Fiscalité du PEE en Entreprise: Avantages et Inconvénients
Le Plan d'Épargne Entreprise (PEE) est un produit d'épargne collectif qui permet aux salariés d'une entreprise de se constituer un portefeuille de valeurs mobilières. Il offre des opportunités intéressantes d'accumuler une épargne tout en profitant de l'abondement de leur employeur.

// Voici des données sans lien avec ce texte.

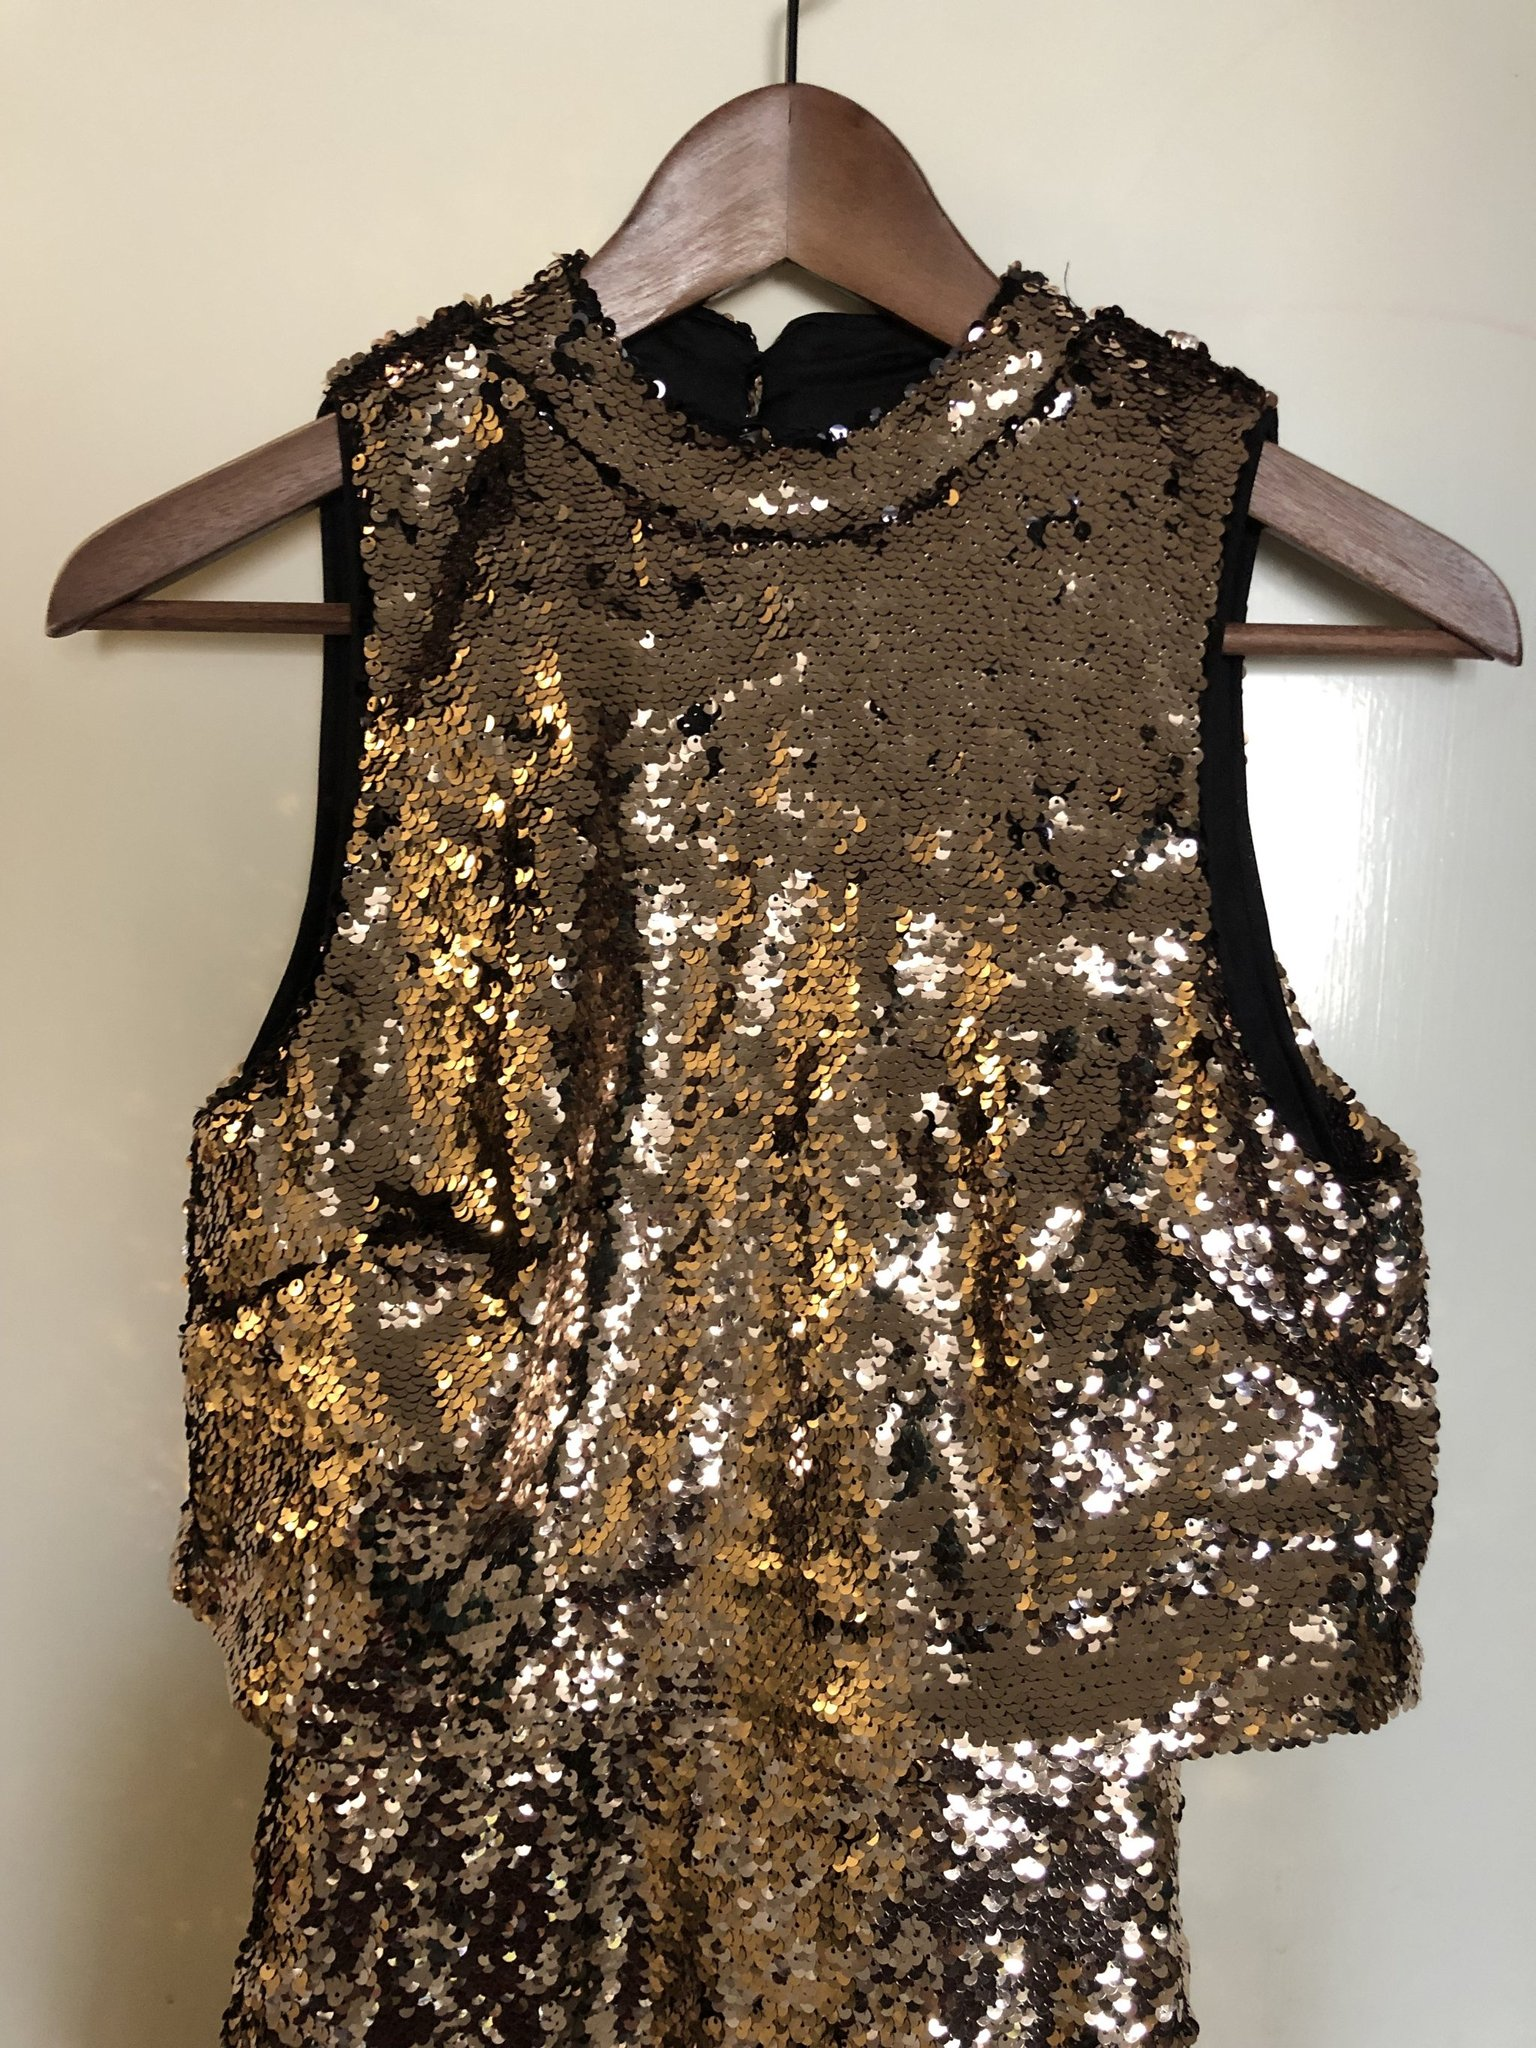 1000c9c214a7 HM, paljettklänning guld, stl 36, bar rygg, OAN.. (347227889) ᐈ Köp ...

Dans cet article, nous vous éclairons sur les différentes options qui s’offrent à vous pour valoriser cette précieuse épargne. Il peut être difficile de savoir quelle stratégie adopter pour optimiser votre épargne.
Mise en Place du PEE
La mise en place d’un PEE est facultative pour les entreprises.
- Le PEE peut être mis en place au niveau d’une entreprise.
- Le PEE peut également être mis en place au niveau d’un groupe d’entreprises. On parle alors de PEG (plan d’épargne groupe).
- Il peut aussi être instauré dans plusieurs entreprises n’appartenant pas au même groupe. On parle alors de PEI (plan d’épargne interentreprises).
Le PEG et le PEI fonctionnent comme le PEE.
Le PEE peut aussi être mis en place unilatéralement, à l’initiative du chef d’entreprise, si les négociations avec les représentants du personnel ont échoué.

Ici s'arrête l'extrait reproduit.